▶ Required work:
Using only the entries below, output the lines starting at the one containing "Forget the glass" and ending at the one containing "Fried rice with", exactly and inclusive of both, omitting the pictures.

┌─ Data provided

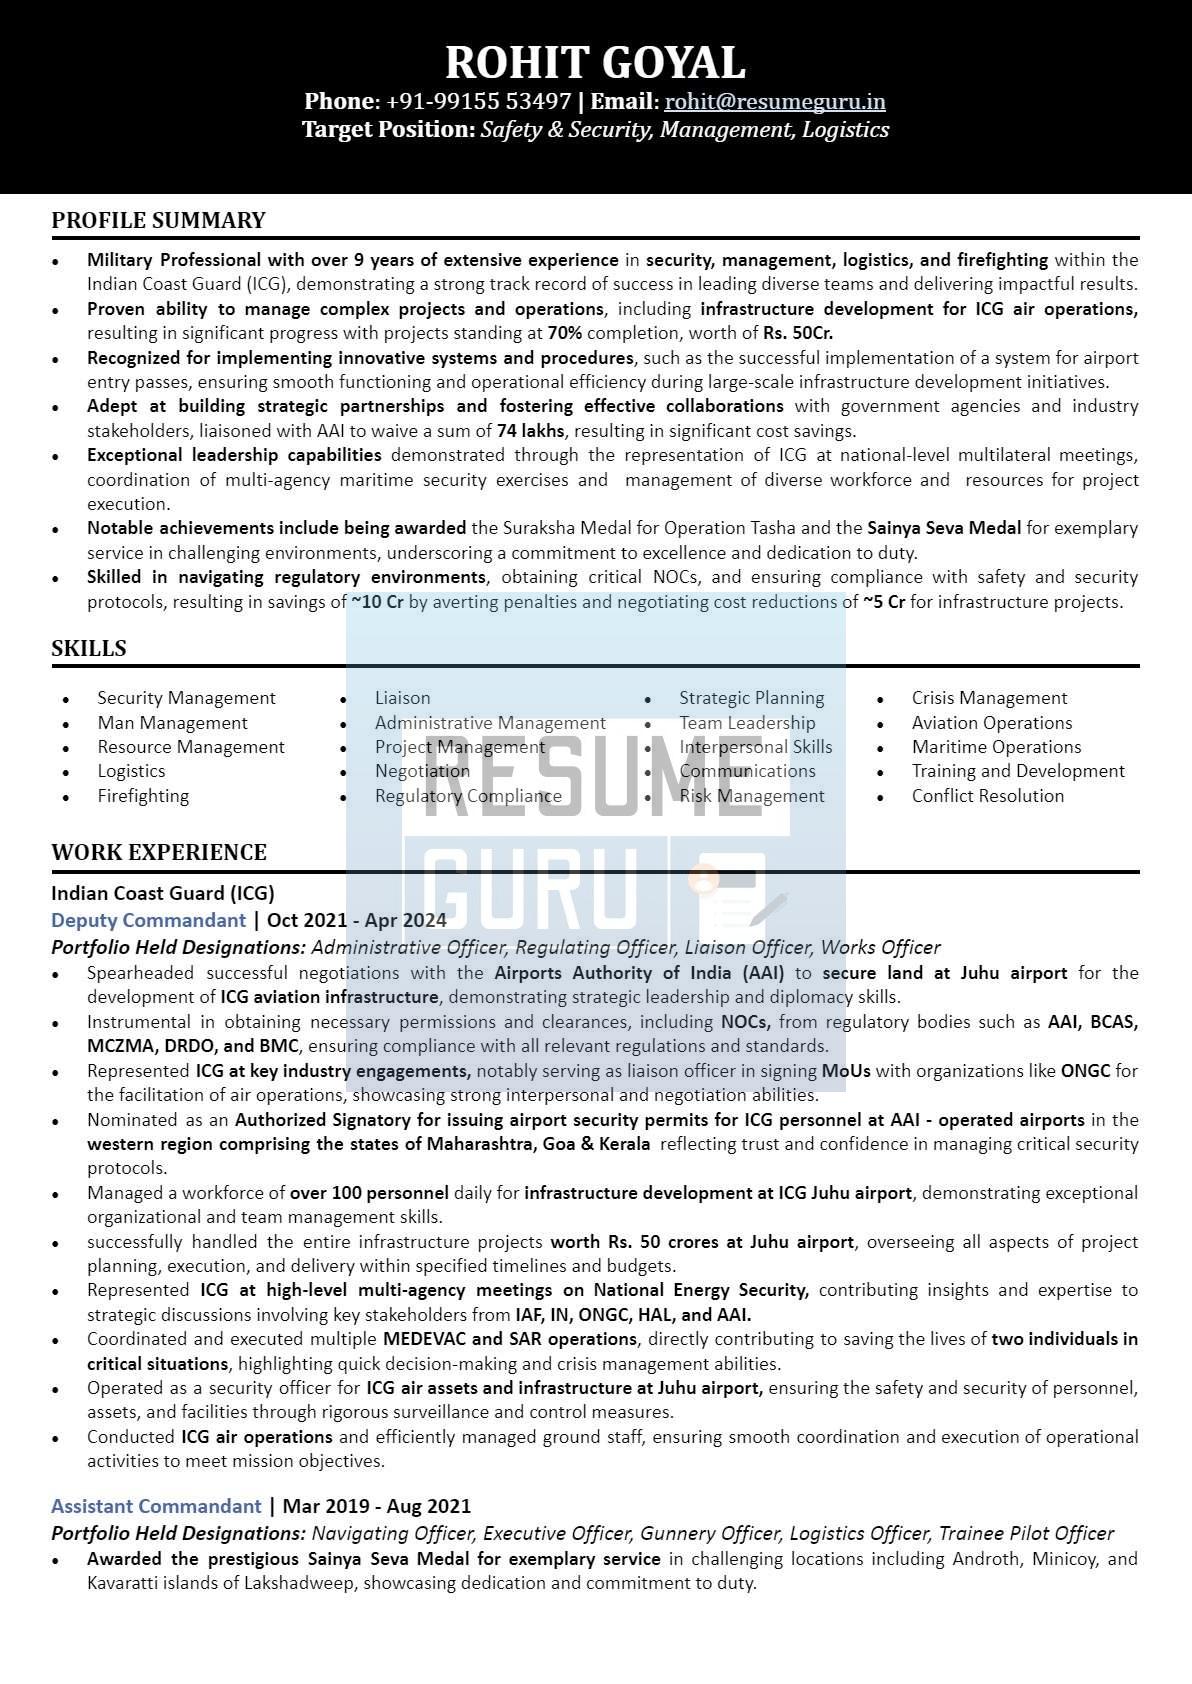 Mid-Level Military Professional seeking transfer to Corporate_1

└─
┌─ Data provided

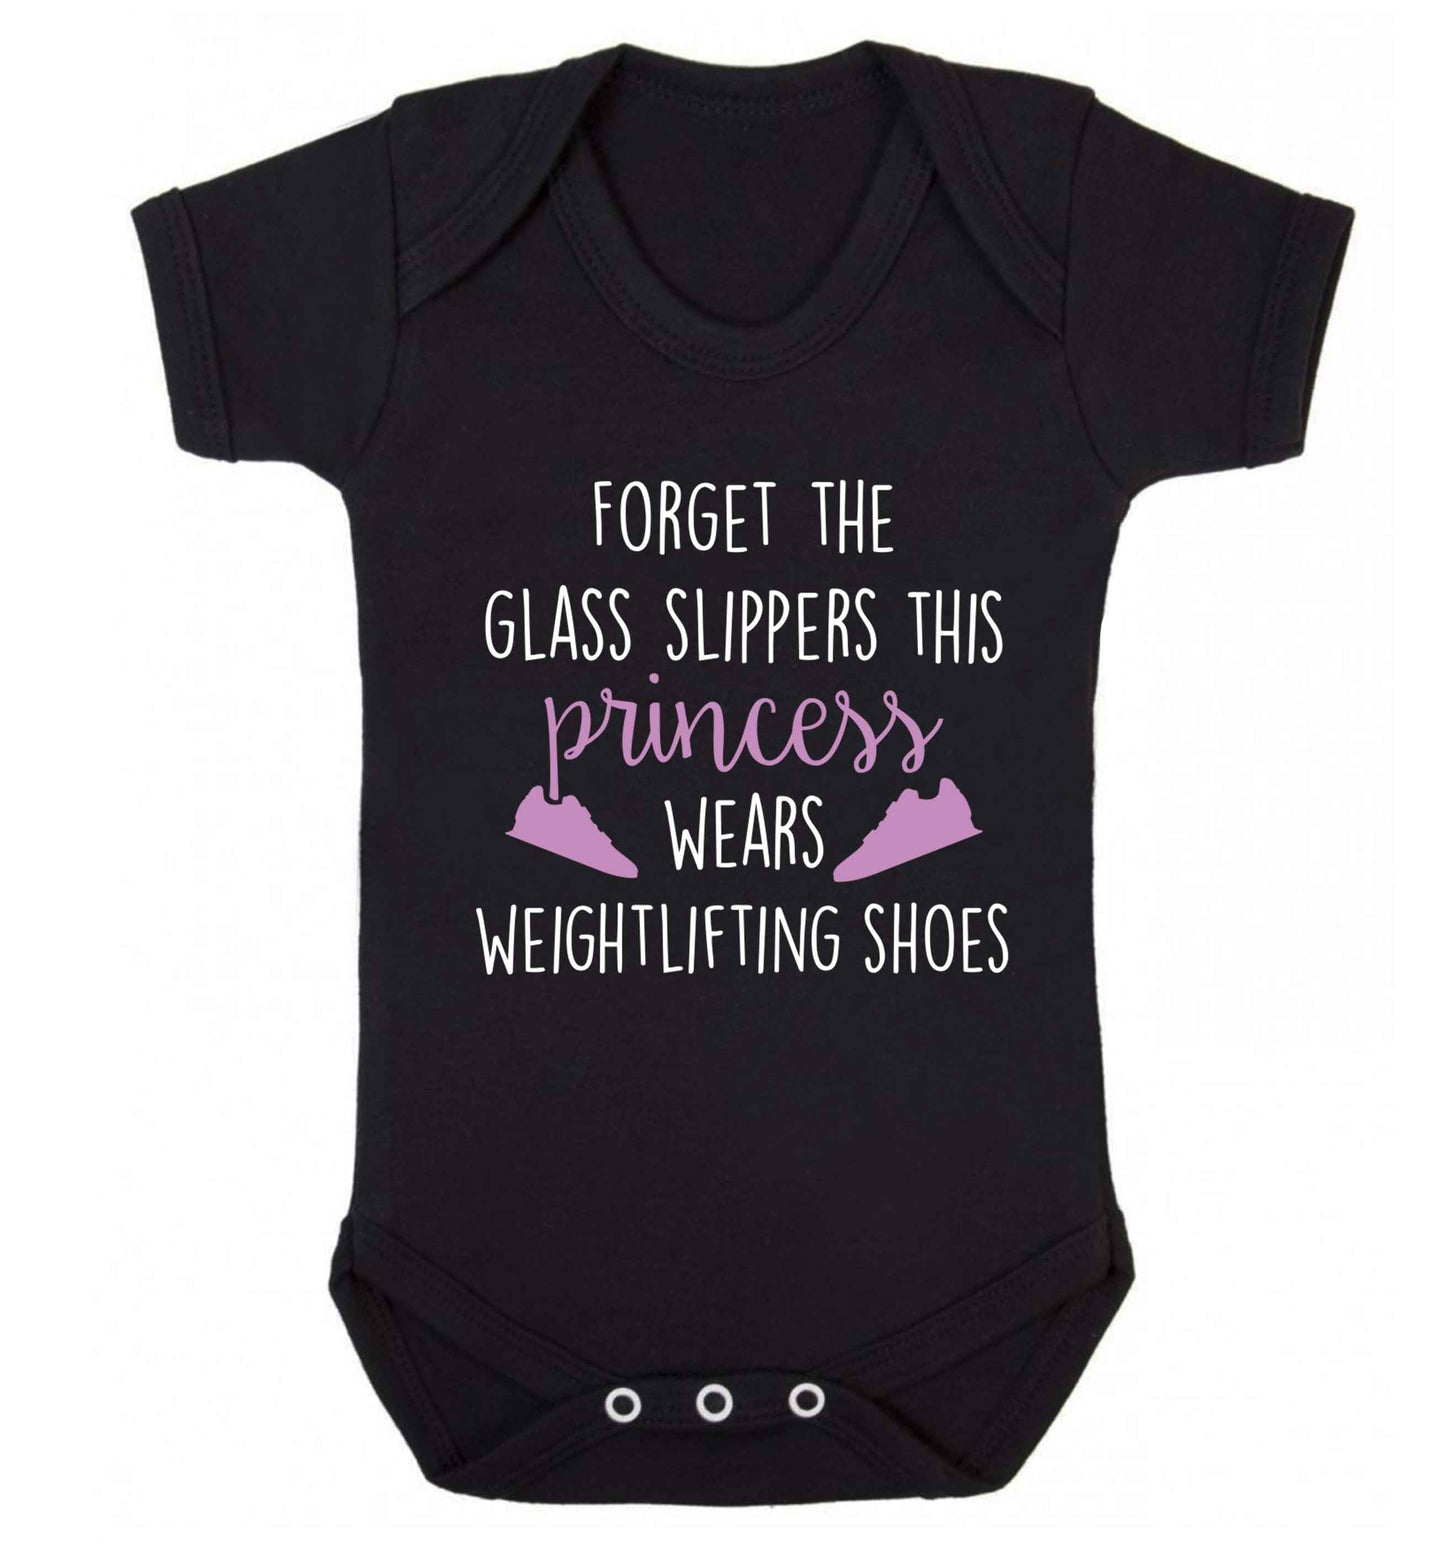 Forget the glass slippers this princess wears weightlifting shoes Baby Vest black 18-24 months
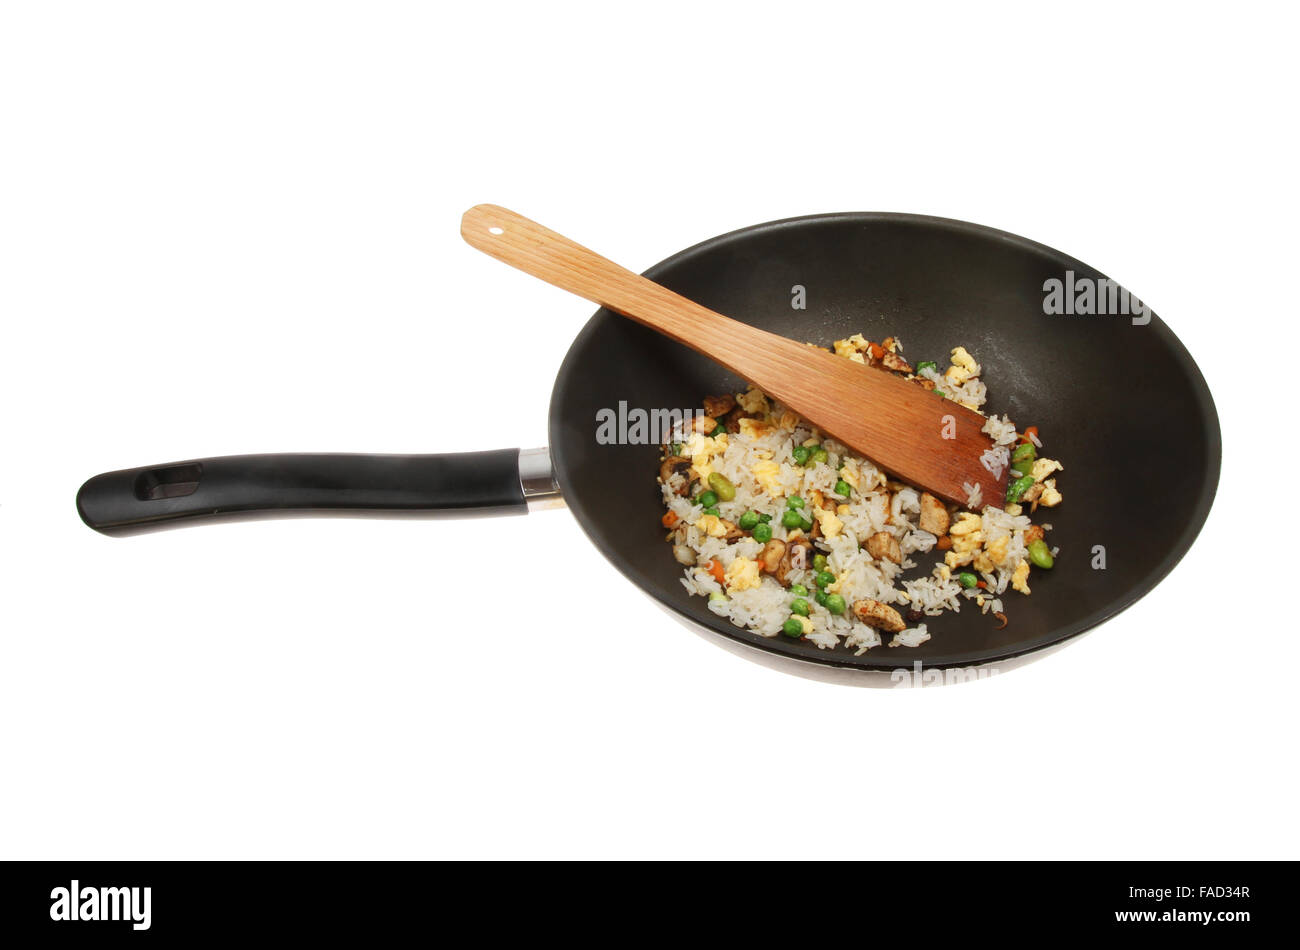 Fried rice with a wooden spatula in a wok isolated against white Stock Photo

└─

▶ Your response:
 Forget the glass slippers this princess wears weightlifting shoes Baby Vest black 18-24 months
 Fried rice with a wooden spatula in a wok isolated against white Stock Photo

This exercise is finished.